Technically, you can run standard Windows applications on any Windows 8 machine, tablet or otherwise. Practically speaking, it’s not true. Some things run. Most don’t. The Venue 8 only lets you install by download, which eliminates a lot of my software by default. Most of the other applications I use on Windows 7 don’t run on 8 — or run so poorly it isn’t worth the effort. It’s ironic. Just as Apple is opening up their platform to all kinds of applications, Microsoft has gone the other way.

The tablet’s native software runs well. The email app is fine. IE runs smoothly. You better like IE because you won’t be using Firefox or Chrome — neither runs on the tablet. I’m not a big gamer, so the lack of games doesn’t bother me as much as it aggravates others, but still. Aside from Solitaire, there are no games. You can’t even get a download of Scrabble. That’s rough.

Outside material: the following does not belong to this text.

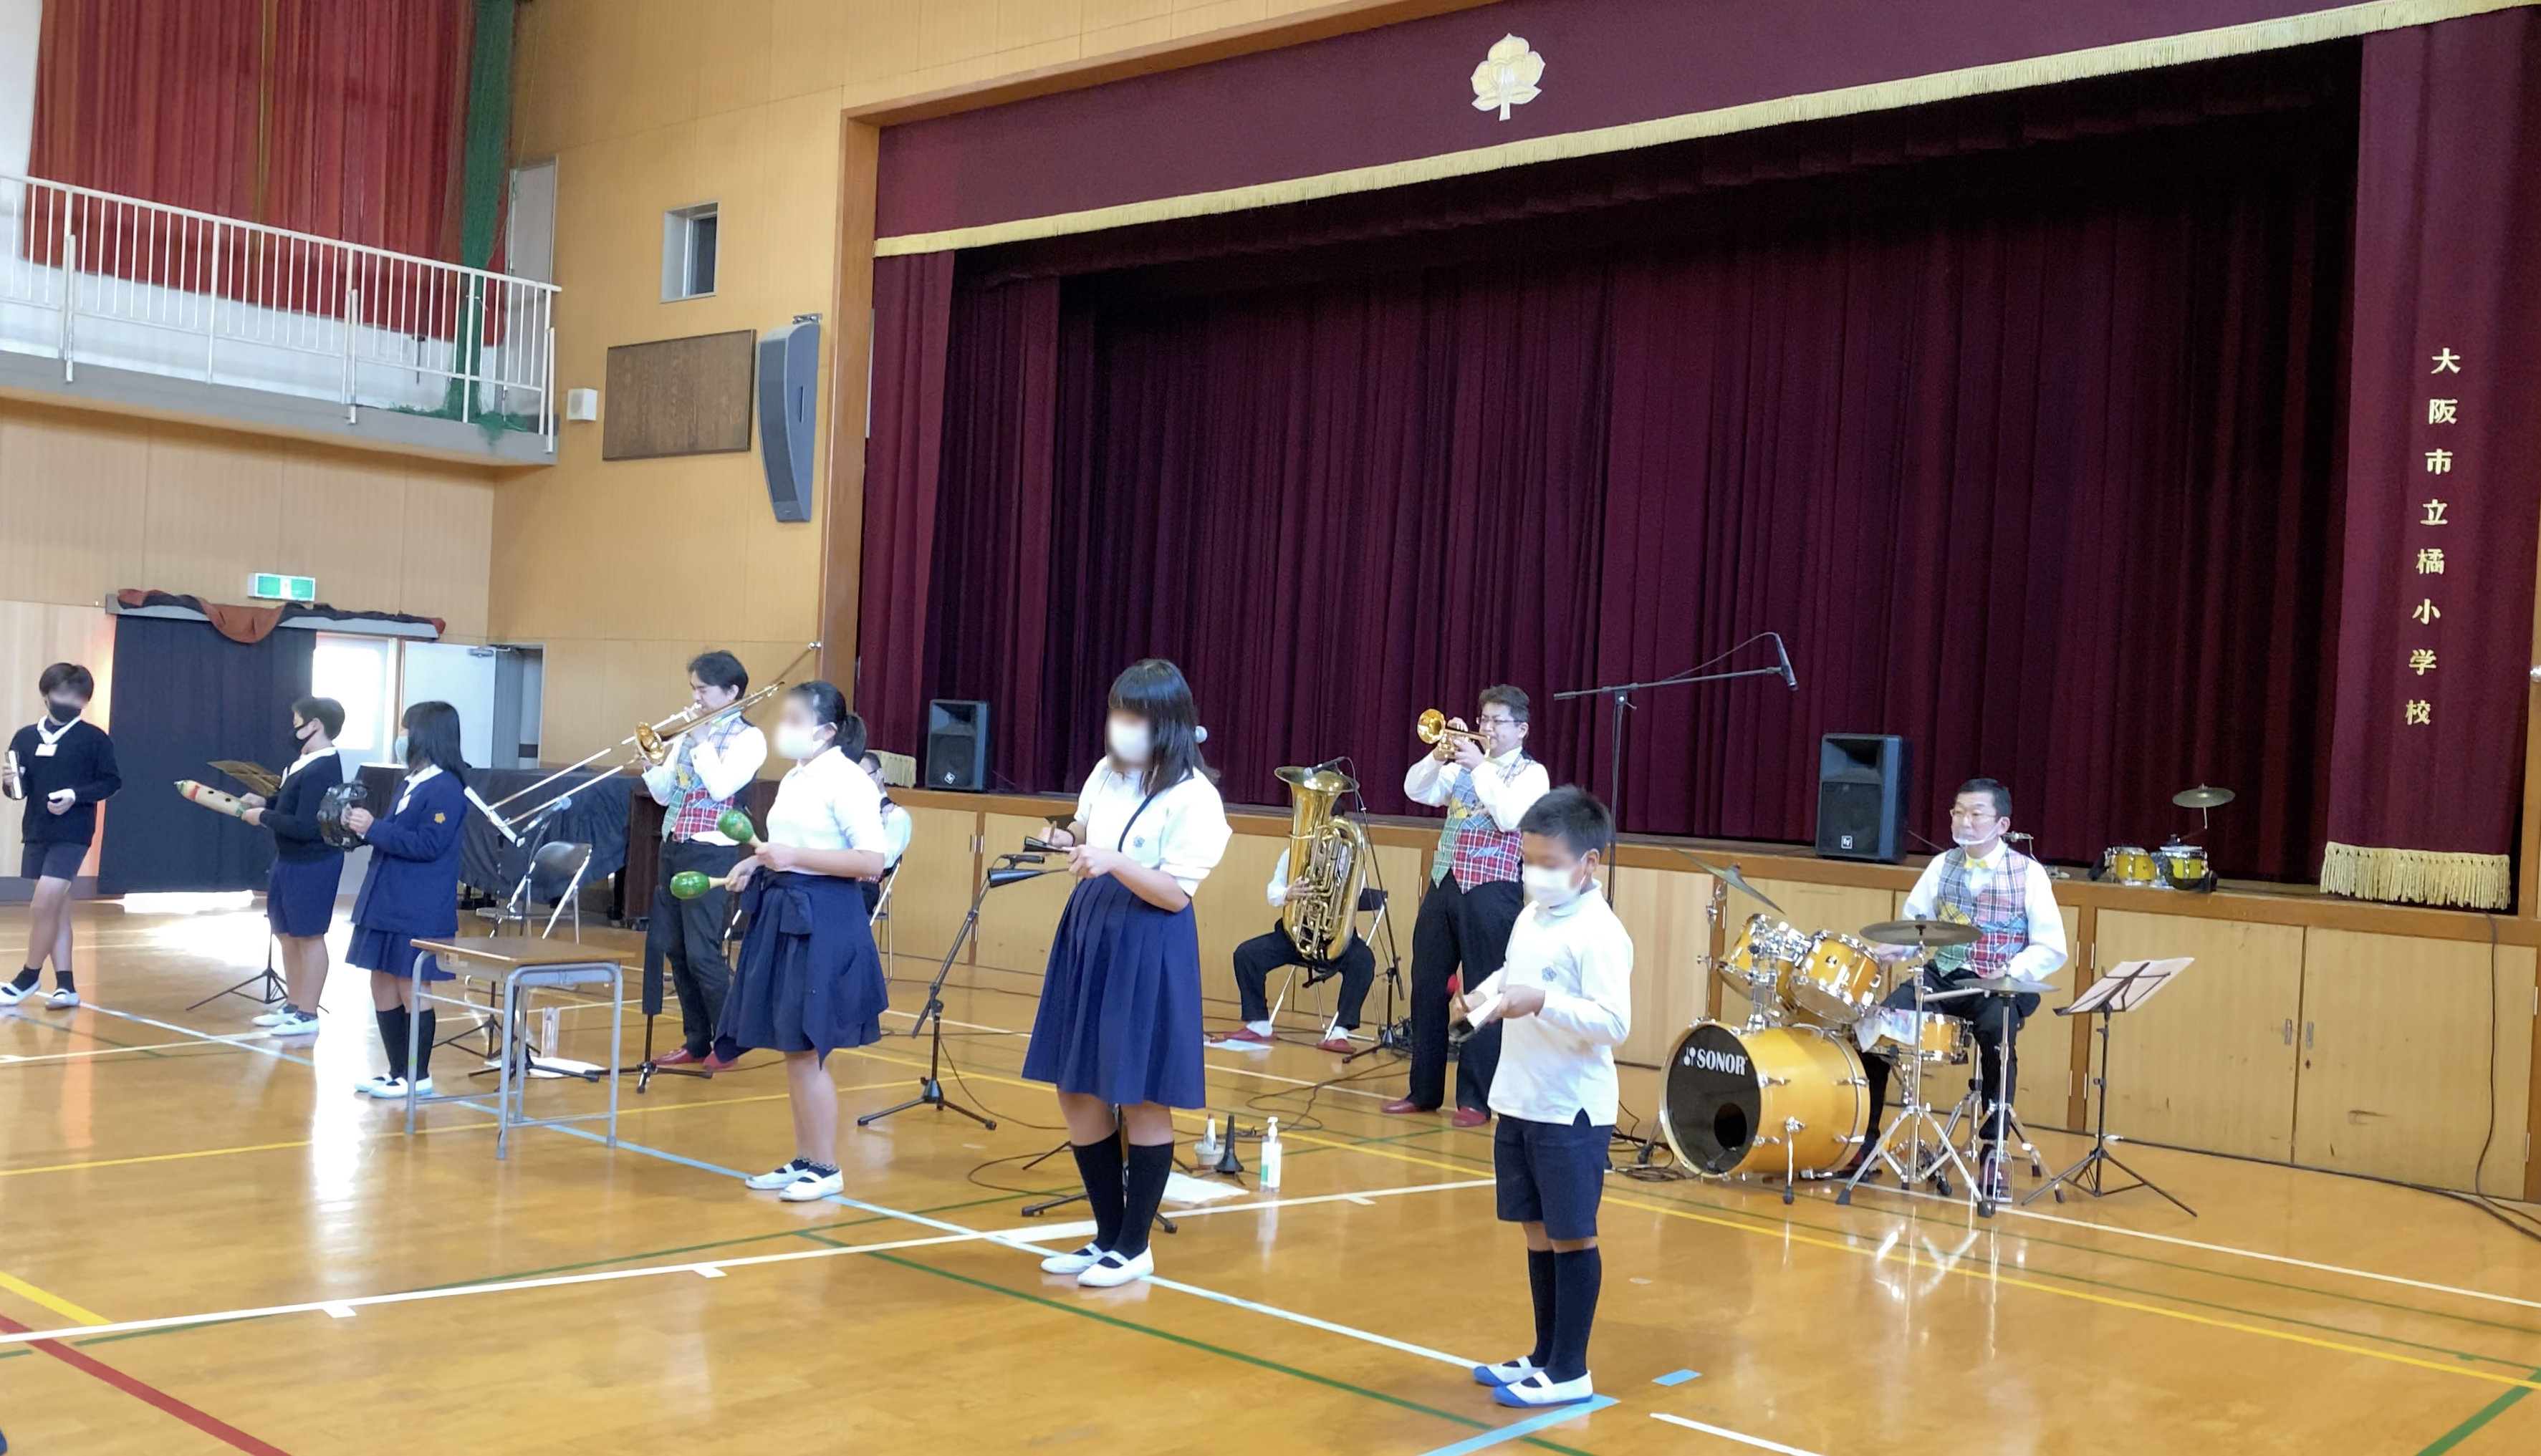 【実績更新】音楽鑑賞会 2020年11月大阪市立 橘小学校 追加しました。

Photography apps? None worth the effort. I won’t be taking a lot of pictures using the onboard camera (which works pretty well), or uploading photographs to the tablet — even for viewing. There’s no USB port, no slot for an SD card other than one micro card which is an extension slot for memory.

If you want to play games, read books, watch movies, listen to music? The Kindle Fire HD (the old version, not the HDX), is just $139 from Amazon. It’s a far better choice for entertainment. Not as good for email and other Internet activities … but for entertainment, it’s a winner.

The Dell Venue Pro 8 is solidly built. It feels great in hand. It seamlessly connected to Netflix. Watching movies is easy. You can listen to music on Amazon’s Cloud Player, but it’s not straightforward. Microsoft really wants you to use its own software … but I find it confusing, complicated and lacking documentation or instructions, ultimately incomprehensible. It’s inexcusable to provide so little support.

The (free) copy of MS Office installed without a hitch. I don’t know if I’ll get out much use from it. That’s not what I bought the tablet for. I found a bunch of other useful small applications. Solitaire, a clock, calendar, alarm and stopwatch and installed them without incident. I uninstalled a few things too. Installation and uninstallation is really easy. And fast. If only there were more apps!

The speakers are great, though not terribly loud. Which is fine. I can use earphones if I need it louder. For such a little tablet, the graphics are fantastic. I watched “Jack Reacher” on Netflix and enjoyed it. My website looks great.

The cameras (1 front, 1 back) work but the lack of editing software limits their usefulness. It would be okay for Skyping — probably — but I don’t Skype, so it’s moot. The video camera seems fine as does the voice recorder, though I have little use for either.

It’s got a lot of bells and whistles, some of which I might use yet it’s missing important basic tools. Not being able to edit its own photos is bad, but not being able to upload my photos at all? Worse. All for the want of a USB port.

It’s good for reading (Kindle and maybe other reader apps), watching a movie on Netflix. I don’t know about other services but you can’t watch Amazon Prime. Or I can’t figure out how.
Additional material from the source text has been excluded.